I mean, I say cancer is a consequence of living long enough in a lot of cases. The primary
cause of cancer is aging. It's like going to Vegas and rolling an awful lot. You're
going to roll snake eyes eventually because, again, cancer is probabilistic for the most
part. We're exposed every day to agents that might cause cancer and our DNA
is super good at repairing stuff, but one day it's going to mess up. You'll die of something
else before it as well. Heart disease is the leading cause. So you know, you've got two
ways to go. You're going to go heart disease or cancer. Take your pick. And if you want
to look at a long-term way that we all die and something is going to kill us. But the obsession with
fixating on things that have no real risk factor or nothing's going to be accumulative
and living your life based on that fear makes no sense to me.

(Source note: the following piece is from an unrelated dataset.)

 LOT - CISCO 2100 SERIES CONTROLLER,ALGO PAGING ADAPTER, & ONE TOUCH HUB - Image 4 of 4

MS. I think that's such an apt point. I have one quick question,
final one on microwaves, and then I want to pick up on what you just said. On microwaves,
it was whether or not it nukes your food, which is, you know, and it damages all the vitamins and minerals on your food,
which I think is the other concern.
But on that point, I think it's health anxiety is such a huge topic at the moment.
And it's so perpetuated by the online world, because to your point, David,
that fear and misinformation are so deeply connected.

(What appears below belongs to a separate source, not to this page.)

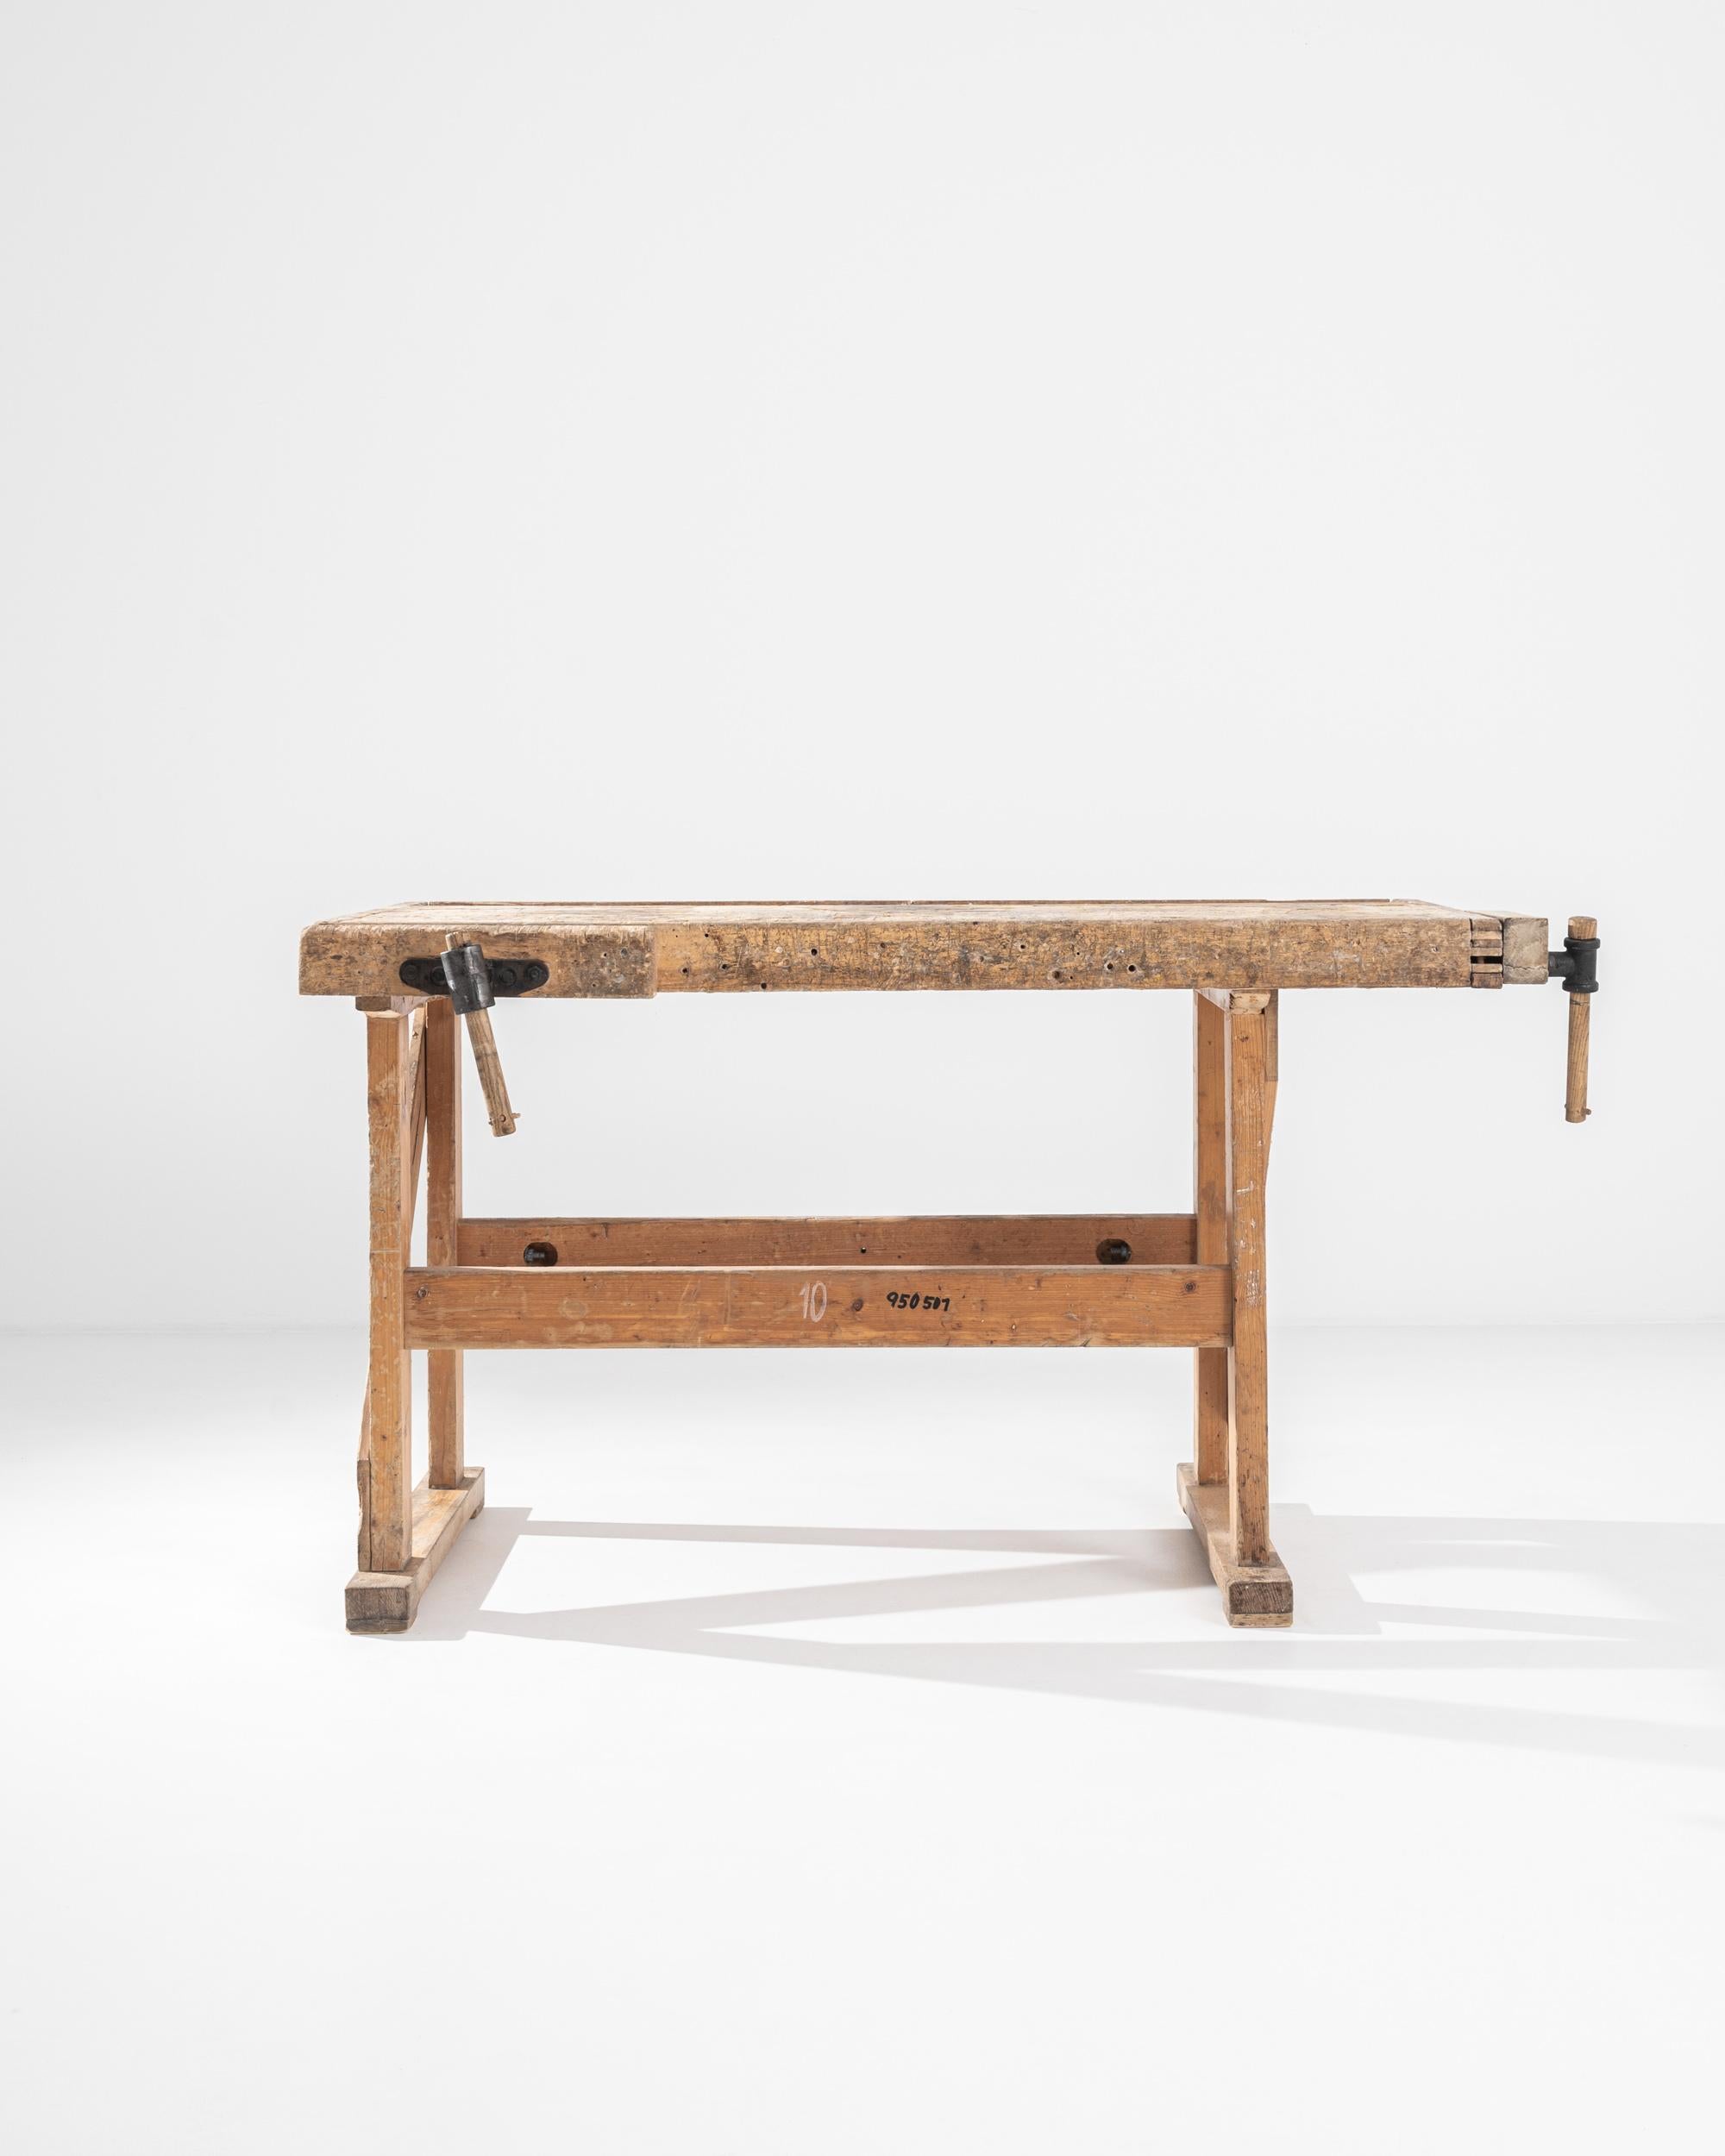 A vintage Central European wooden work table. Constructed from stout wooden beams, crafted with the owner’s livelihood in mind. This ultimate sturdy table’s newest craft is turning function into style. Worn and loved, the details in its construction

And that's what really fundamentally runs the algorithms now. And I just wanted to pick up on the health anxiety point, but first of all, could you confirm
that if you do cook food in a microwave, you're not destroying all nutritional content?
God no. What microwaves are very, very good at doing is vibrating water, right? That's how they
work, which is why if you put a bowl of cornflakes, dry cornflakes in the microwave, you'll be
surprised to find it doesn't heat up because it's dehydrated. There's no liquid in it to vibrate. So all that microwaves do is shake water
and they shake it enough to cause friction that warms it up. That's why you can heat things very
efficiently with them as long as they are liquid-based, which is most of our food.
Most of us don't just eat cornflakes all the time. But yeah, it's not nuking your food.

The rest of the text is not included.